# ABOUT THIS TASK
Once the records below have been read, copy them all out exactly.

————

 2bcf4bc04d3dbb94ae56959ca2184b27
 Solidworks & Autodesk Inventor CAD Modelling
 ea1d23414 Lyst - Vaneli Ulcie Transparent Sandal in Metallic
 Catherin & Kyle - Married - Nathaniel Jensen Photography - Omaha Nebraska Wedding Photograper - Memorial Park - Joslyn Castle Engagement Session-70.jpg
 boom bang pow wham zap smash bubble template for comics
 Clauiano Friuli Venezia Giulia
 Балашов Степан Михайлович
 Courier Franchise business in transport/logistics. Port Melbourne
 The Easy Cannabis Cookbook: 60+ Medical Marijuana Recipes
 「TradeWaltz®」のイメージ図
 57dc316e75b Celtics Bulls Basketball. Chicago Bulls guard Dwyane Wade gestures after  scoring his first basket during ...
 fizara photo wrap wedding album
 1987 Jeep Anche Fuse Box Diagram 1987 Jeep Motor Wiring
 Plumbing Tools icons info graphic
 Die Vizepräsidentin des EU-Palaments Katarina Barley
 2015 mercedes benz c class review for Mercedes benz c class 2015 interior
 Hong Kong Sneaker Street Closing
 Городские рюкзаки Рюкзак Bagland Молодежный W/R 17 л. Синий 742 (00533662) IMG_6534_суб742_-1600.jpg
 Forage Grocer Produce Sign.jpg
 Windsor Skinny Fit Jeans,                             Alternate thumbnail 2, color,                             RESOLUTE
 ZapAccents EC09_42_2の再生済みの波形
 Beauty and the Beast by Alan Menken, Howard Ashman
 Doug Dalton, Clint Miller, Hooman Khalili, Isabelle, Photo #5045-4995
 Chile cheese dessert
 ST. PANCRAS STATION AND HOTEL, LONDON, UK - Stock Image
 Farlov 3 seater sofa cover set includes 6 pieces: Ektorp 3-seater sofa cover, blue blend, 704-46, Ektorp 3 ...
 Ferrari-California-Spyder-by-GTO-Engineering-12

————

# REPLY TO THE TASK
 2bcf4bc04d3dbb94ae56959ca2184b27
 Solidworks & Autodesk Inventor CAD Modelling
 ea1d23414 Lyst - Vaneli Ulcie Transparent Sandal in Metallic
 Catherin & Kyle - Married - Nathaniel Jensen Photography - Omaha Nebraska Wedding Photograper - Memorial Park - Joslyn Castle Engagement Session-70.jpg
 boom bang pow wham zap smash bubble template for comics
 Clauiano Friuli Venezia Giulia
 Балашов Степан Михайлович
 Courier Franchise business in transport/logistics. Port Melbourne
 The Easy Cannabis Cookbook: 60+ Medical Marijuana Recipes
 「TradeWaltz®」のイメージ図
 57dc316e75b Celtics Bulls Basketball. Chicago Bulls guard Dwyane Wade gestures after  scoring his first basket during ...
 fizara photo wrap wedding album
 1987 Jeep Anche Fuse Box Diagram 1987 Jeep Motor Wiring
 Plumbing Tools icons info graphic
 Die Vizepräsidentin des EU-Palaments Katarina Barley
 2015 mercedes benz c class review for Mercedes benz c class 2015 interior
 Hong Kong Sneaker Street Closing
 Городские рюкзаки Рюкзак Bagland Молодежный W/R 17 л. Синий 742 (00533662) IMG_6534_суб742_-1600.jpg
 Forage Grocer Produce Sign.jpg
 Windsor Skinny Fit Jeans,                             Alternate thumbnail 2, color,                             RESOLUTE
 ZapAccents EC09_42_2の再生済みの波形
 Beauty and the Beast by Alan Menken, Howard Ashman
 Doug Dalton, Clint Miller, Hooman Khalili, Isabelle, Photo #5045-4995
 Chile cheese dessert
 ST. PANCRAS STATION AND HOTEL, LONDON, UK - Stock Image
 Farlov 3 seater sofa cover set includes 6 pieces: Ektorp 3-seater sofa cover, blue blend, 704-46, Ektorp 3 ...
 Ferrari-California-Spyder-by-GTO-Engineering-12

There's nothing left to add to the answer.